Show that the second derivative $\Gamma''(x)$ is positive when $x>0$

Question

Let $\Gamma(x)=\int_0^{\infty}t^{z-1}e^{-t}dt$.

I know that the first derivative is positive, since $\Gamma(x)$ is increasing when $x>0$, but I don't know how to show that the second derivative is positive without calculating it, something which we have not yet learned to do. Plotting out $x!$ shows that $\Gamma$ is concave up, and has a positive second derivative, but I don't know how to formulate a formal proof.

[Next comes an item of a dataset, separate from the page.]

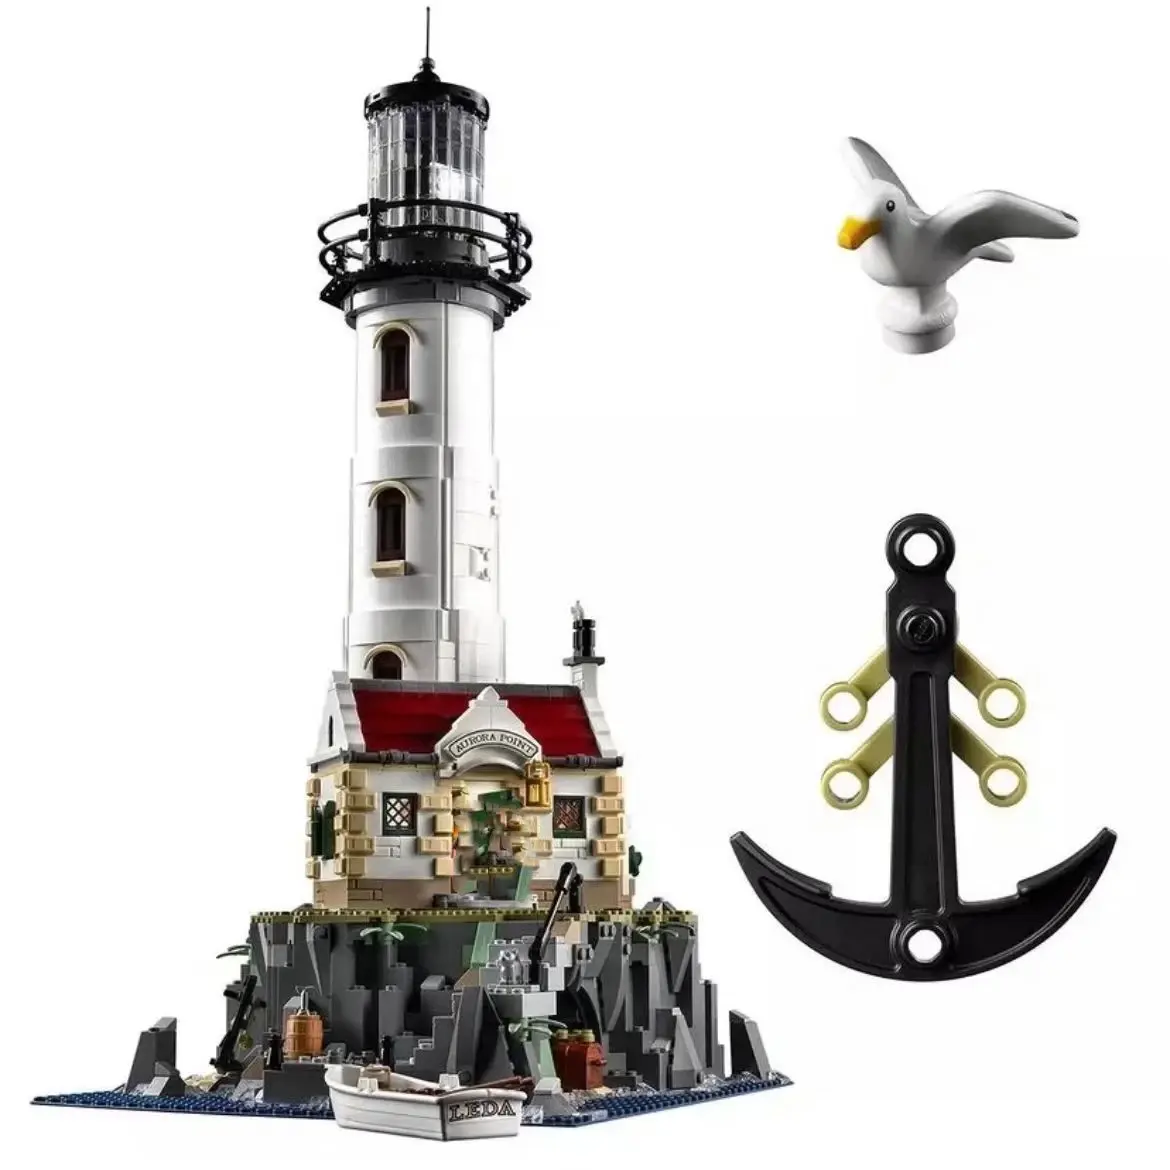 2022 New 2065pcs Electric Compatible Legoingly 21335 Motorized Lighthouse Model Building Block Assembly Kit Children's Toy Gift

Would it suffice to say $\Gamma(x+2)-\Gamma(x+1)>\Gamma(x+1)-\Gamma(x)$, $\forall x>0$, and $\Gamma$ is increasing at an increasing rate?

Answer 1

If you define $$\Gamma(x) = \int_0^\infty t^{x-1} e^{-t}\; dt$$ then $$\Gamma''(x) = \int_0^\infty t^{x-1} \ln(t)^2 e^{-t}\; dt > 0$$

BTW, it's not true that $\Gamma'(x) > 0$ for $x > 0$. $\Gamma$ has a minimum at approximately $1.4616321449683623413$.

Answer 2

We know that $\log\Gamma(x)$ is convex on $\mathbb{R}^+$ due to the Bohr-Mollerup theorem.

So $\Gamma(x)$ is a convex function on $\mathbb{R}^+$ as the exponential of a convex function, and $\Gamma''(x)\geq 0$.